You are taking this out on the road?

“Yes, we did it a couple of years ago at the New Wolsey Studio, as part of the open season, and it had such a good response that we thought it would be a great play to revive and take out on tour. It’s witty, it’s entertaining, it’s a great show for women to go and see but men will find it funny too.

I am a great believer in taking theatre out to the people rather than make everyone come to us. Not everyone can or wants to turn out at night come into Ipswich or some other large town. Public transport isn’t always available late at night. So it’s much better for us to bring a great play like Bette and Joan and stage it in your local village hall or community centre.

What attracted you to the play?

“What I loved about it, is the focus on people. It’s very much a character piece. The action is very self-contained, it all takes place backstage and in the dressing rooms of Bette and Joan as they film What Ever Happened to Baby Jane? This is two women, past their glory days, now in their 50s, at a time when Hollywood had, more or less, turned its back on them and this is their last chance to salvage their careers. This was the most unlikely casting and the question was could they keep their intense rivalry in check?

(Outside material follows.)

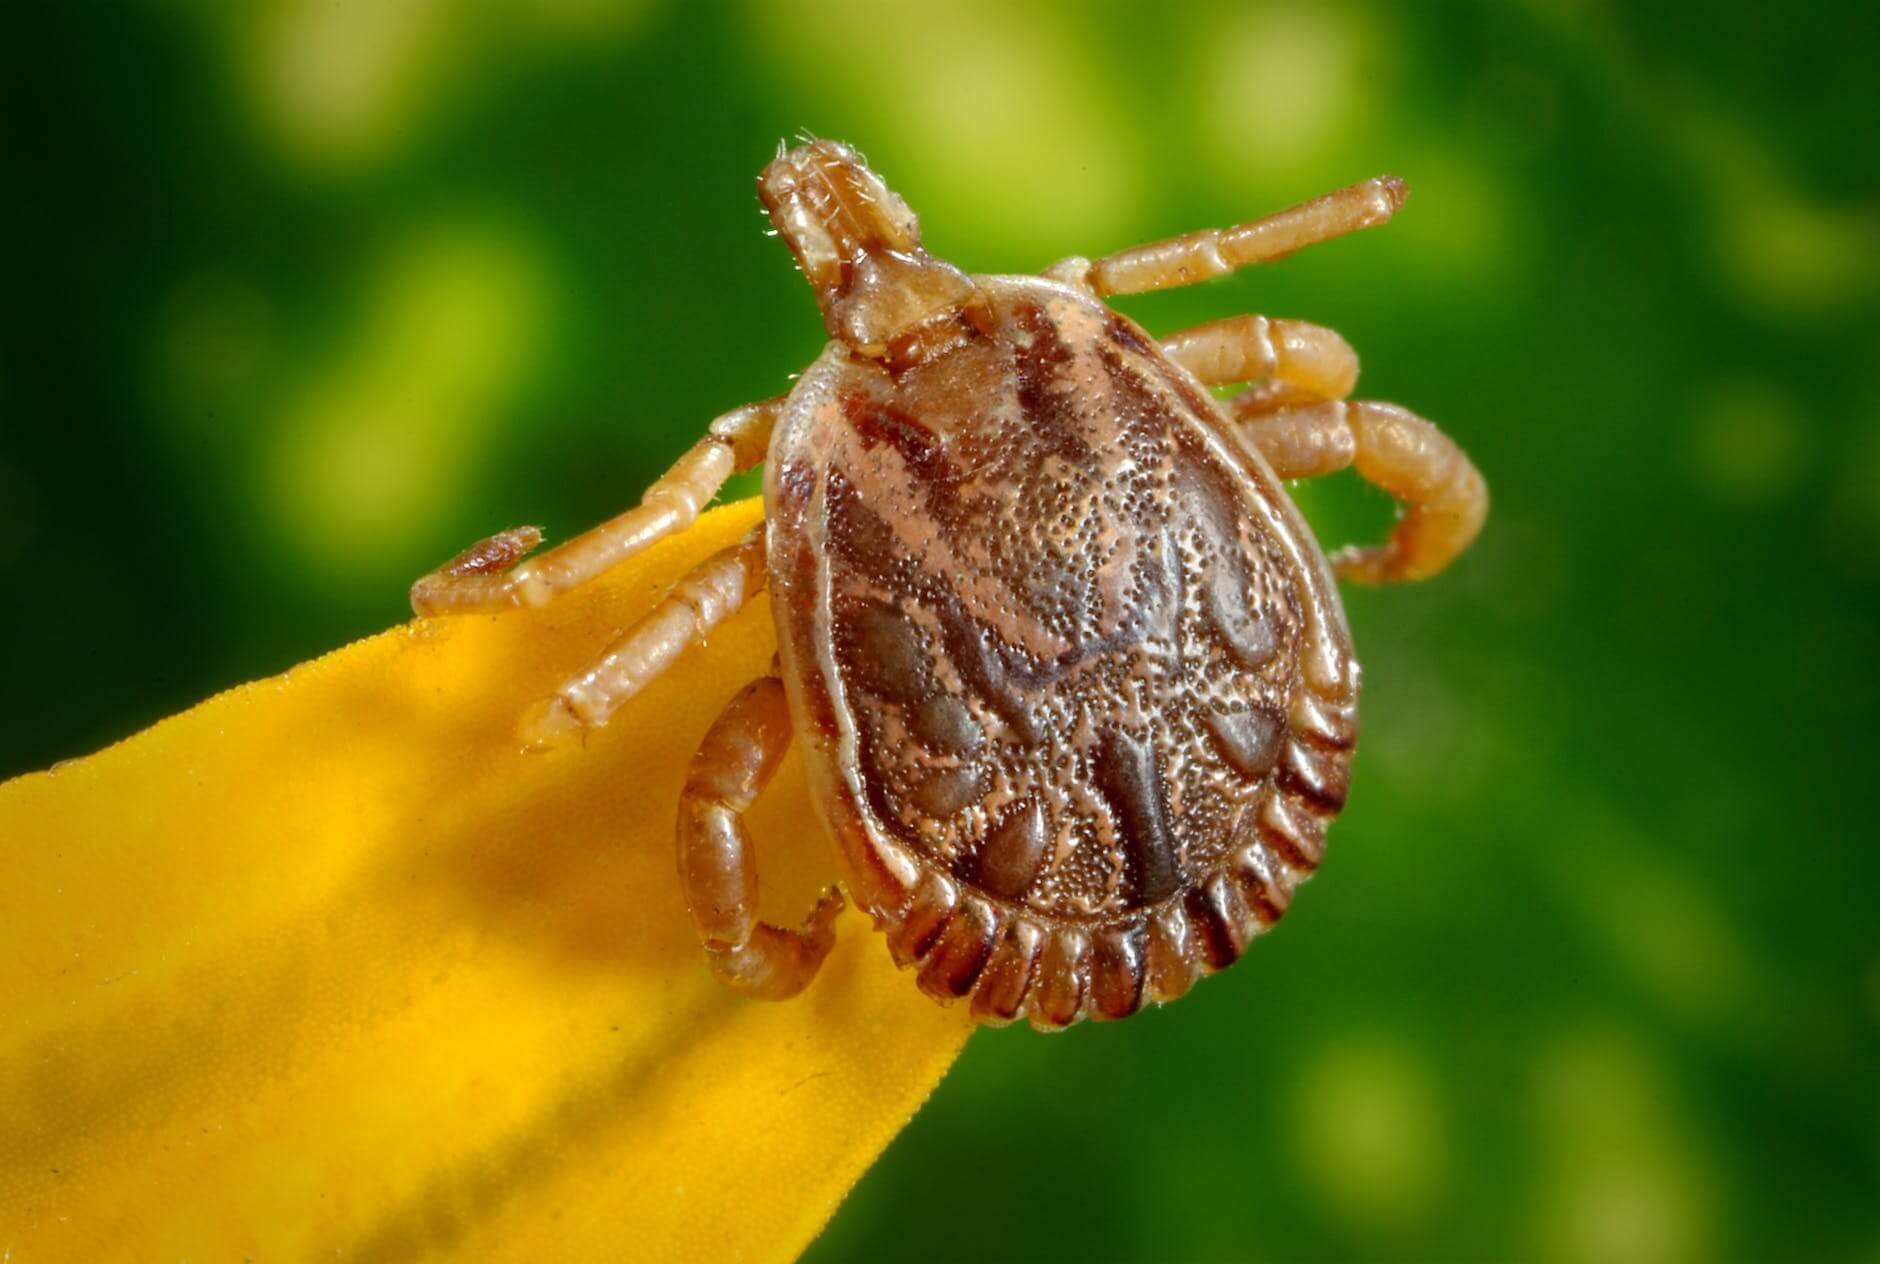 Scientist, Health Director Warning About New Tick Species, Diseases, Exploding Populations

“The play is about showing who they are as women. They are not Gorgons, although they are both headstrong and ambitious but the play shows how each women got to this point in their career and why they are desperate for this film and this unlikely partnership to succeed.”

Did the play allow you to see these two Hollywood icons in a new light?

“Absolutely. You see them as flawed human beings. We see the different routes each of them had to stardom but, equally, we also get to see how similar they are in some respects, what hurdles they both had to get over to get to the top. They are both witty but they are also rather sad and it’s quite touching and tender in parts. I feel that when they do come to together it’s hard not to think that had they met under different circumstances, at a different time, they could have been friends.”

Bette and Joan, starring Jayne Lindill and Petra Risbridger, is staged by Horizon Theatre and will be touring Felixstowe, Hadleigh, Shotley and Sproughton in April.